Lingerers, Admirers, and Silent Girl

by A Lady

I’m writing on behalf of A Few Friends, as we’re all dealing with this issue: our friend Asdf has been bringing her cousin Qwerty to hang out, and Qwerty takes a lot of energy to be around, to put it mildly. This person 1) only talks to the men in a group (she is straight) and barely makes eye contact with the women; 2) likes to start conversations about “that time I swear I almost turned a gay guy straight lol” and “that time in college I was topless lol” and will drop these subjects into the conversation regardless of the topic; 3) gets pissy when people (in particular, Asdf) don’t pay full attention to her and then drives off drunk in a huff because “people were mean to [her],” leading Asdf to stay up all night worrying about her safety.
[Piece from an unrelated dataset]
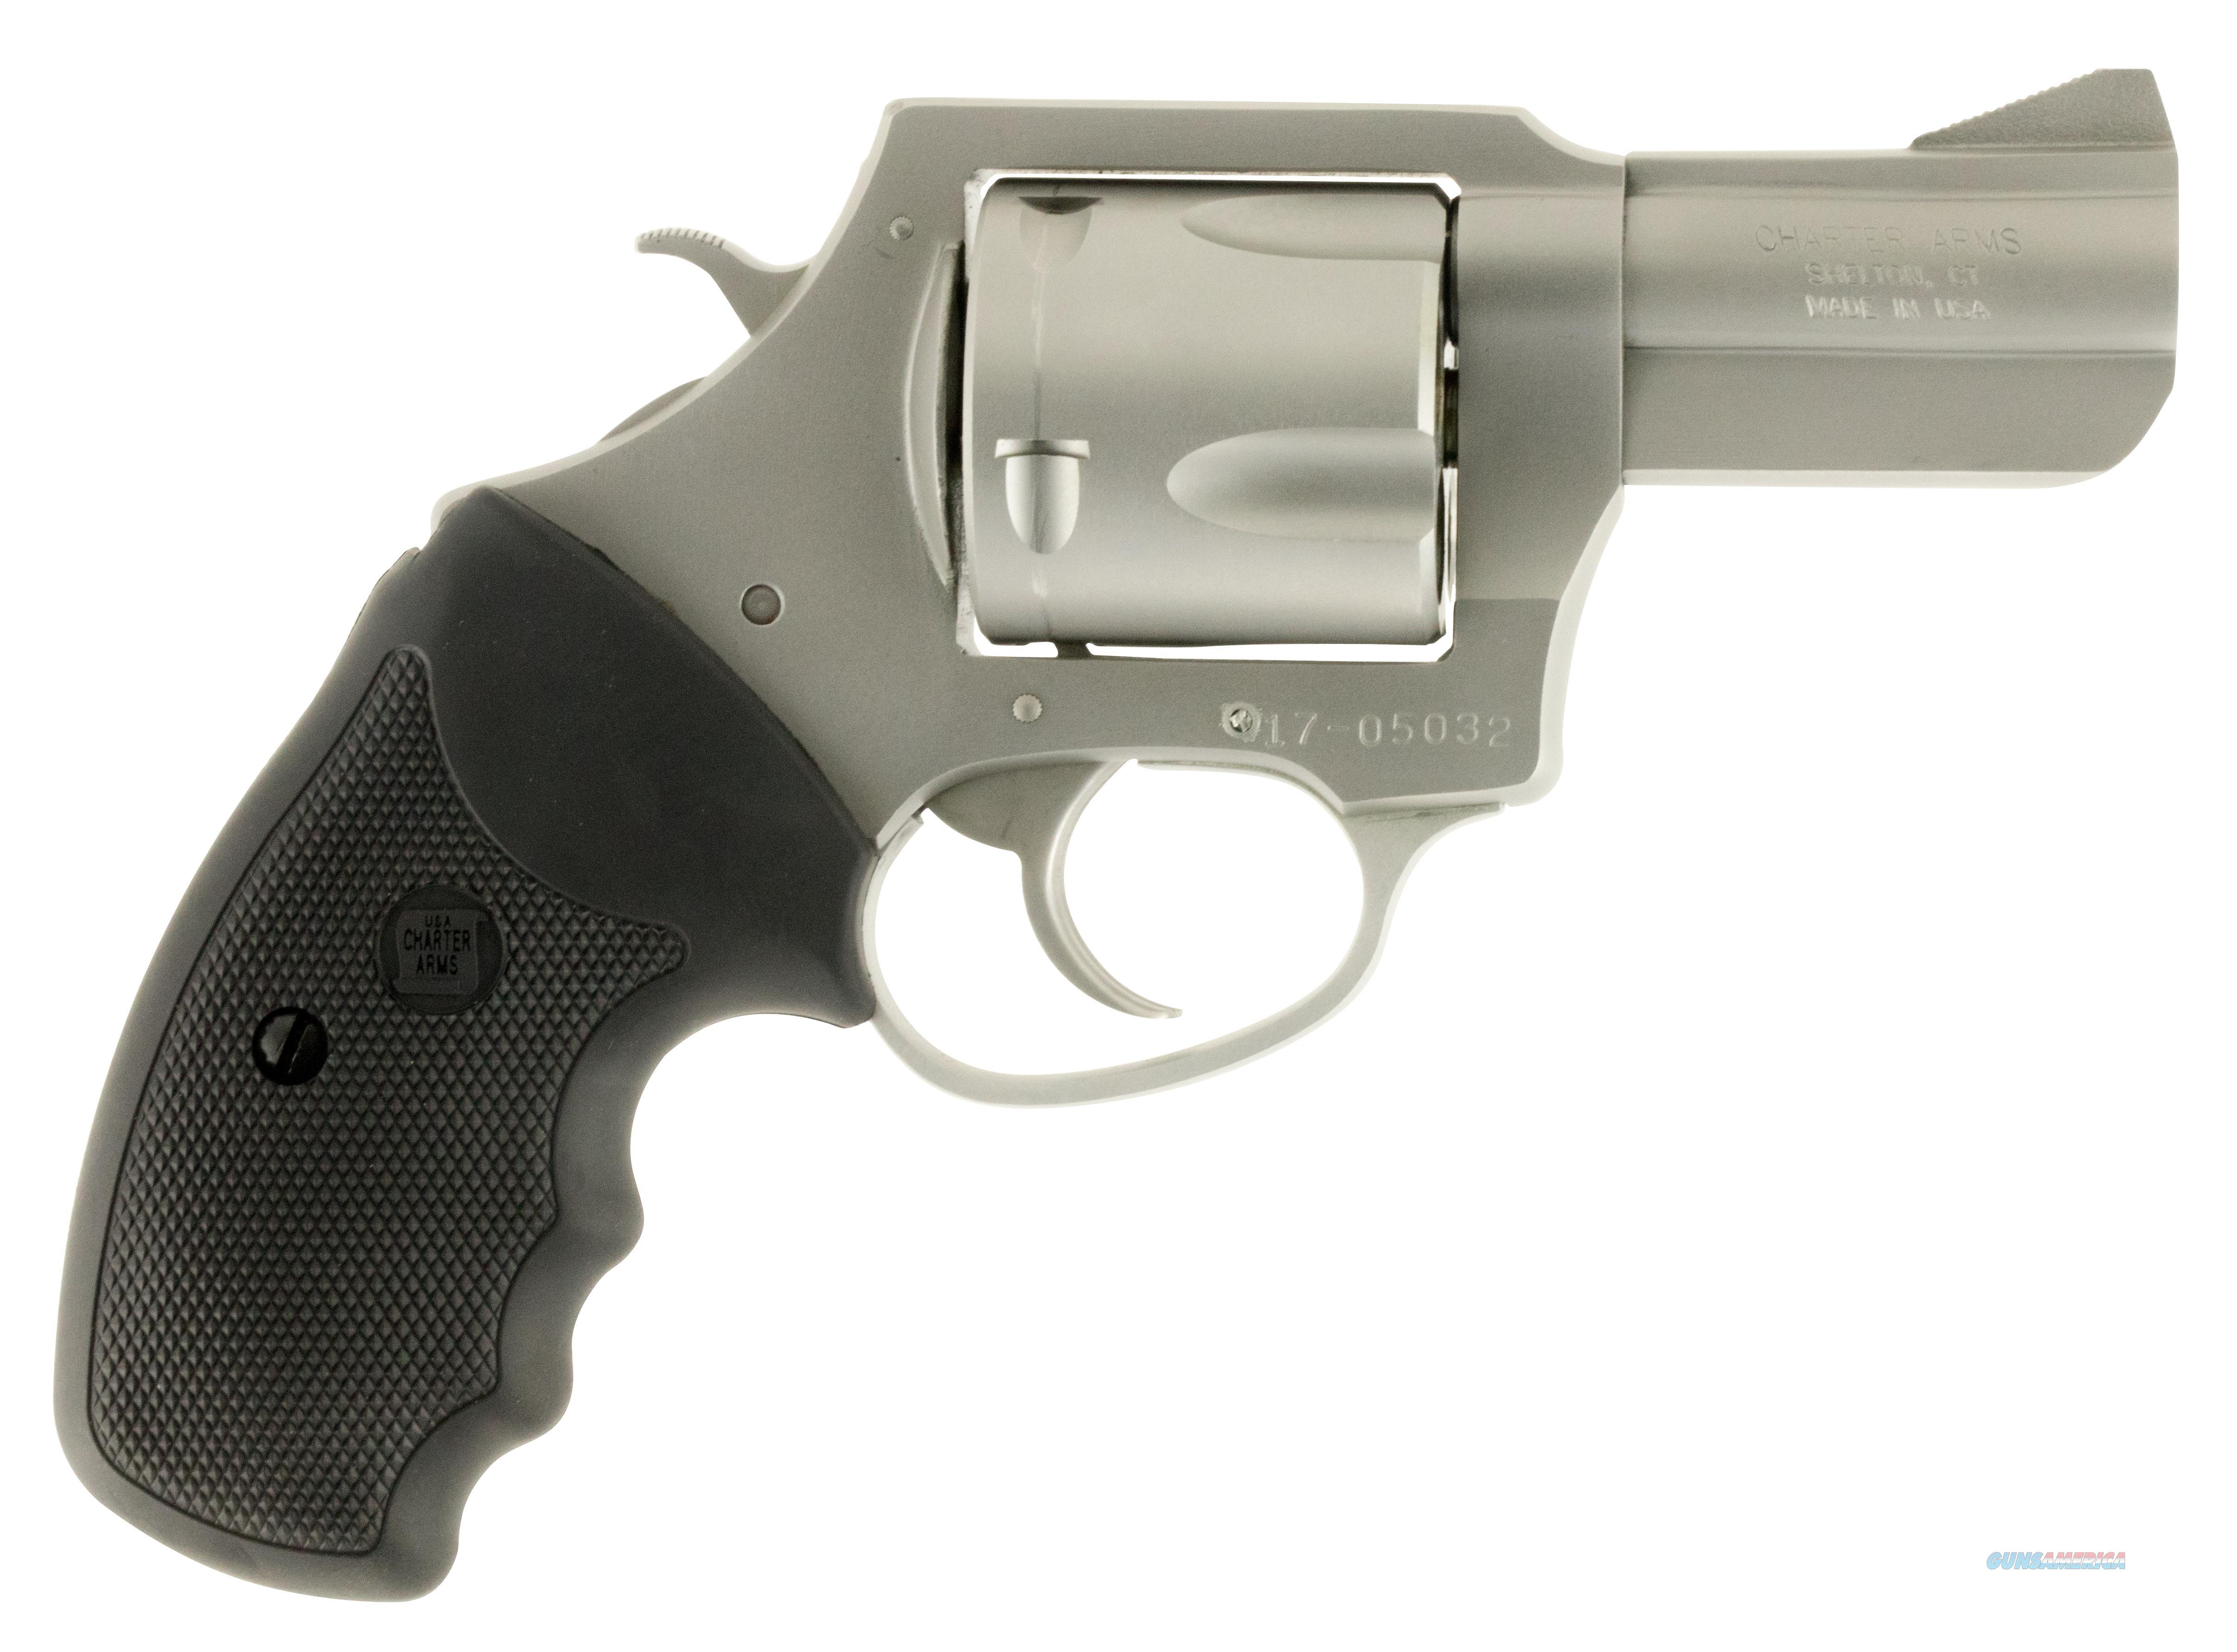 "Charter Arms Pitbull 45Acp 2.5"" 5Rd.2"" 74520  Guns > Pistols > C Misc Pistols"

Basically, she’s not a malicious person, she just seems self-centered and immature, and fulfills those stereotypes of females desperately needing male attention for validation, or what have you. Which, I know, she is a person and not a caricature, but as women who have spent our lives fighting these stereotypes, it’s a little grating. Our problem is that it’s getting tricky to invite our friend Asdf to events, because her answer is inevitably “Okay, I’ll invite Qwerty!” and, well, we don’t have the energy to deal with Qwerty. Both Qwerty and Asdf will be around for a while, so it looks like our options are 1) Start being sneaky about planning events, 2) Say something to Asdf (but people have done this in the past and it hasn’t gone down well because, Family), or 3) Suck it up and have infinite wells of patience. I am trying to be a good person and pick option three, but it’s hard to muster up the energy all the time. What to do? And if I’m being short-sighted or selfish about anything, please tell me!

Oh boy. This Lady would like to put forth the opinion that, with some reasonable exceptions (see below), socializing as an adult is about compromise — that is, giving up on the idea that you can somehow engineer your social calendar to be free from Awkward People, Slightly Racist People, People Who Don’t Pay Their Fair Share of the Check, People with Body Odor, People Who Stay Too Long after Dinner*, Couples with Annoying Children, Couples Without Children Who are Too Proud of Their Childlessness, Loud Talkers, Open Mouth Chewers, The Guy Who Always Needs a Ride, and Tim’s Republican Girlfriend.

Compromise is exactly what you’re going to have to do in this situation. Deliberately excluding people or starting drama by trying to have an friend-intervention (frientervention?) are for middle school. The most (the MOST) A Lady would recommend doing in this case is discussing the drunk driving with Asdf, and then only if you can manage to keep the focus exclusively on that behavior. Approach the entire situation this way: it’s probably only possible to change your own behavior here, and that’s going to be a big challenge as it is.

Practical tips! First of all, does your social scene revolve exclusively around big group events? If so, no wonder you’re getting annoyed — if every time you want to grab a drink on a Thursday night, you invite the whole crew, and along comes Qwerty, well, that’s gonna set your teeth on edge. Mix it up; hang out with subsets of this big group; don’t always invite everyone. Two benefits here: (a) you get a Qwerty break, increasing your patience for next time, and (b) if you ever really seriously can’t deal with seeing her, it’s not weird to leave her off the guest list — that’s just how your group functions!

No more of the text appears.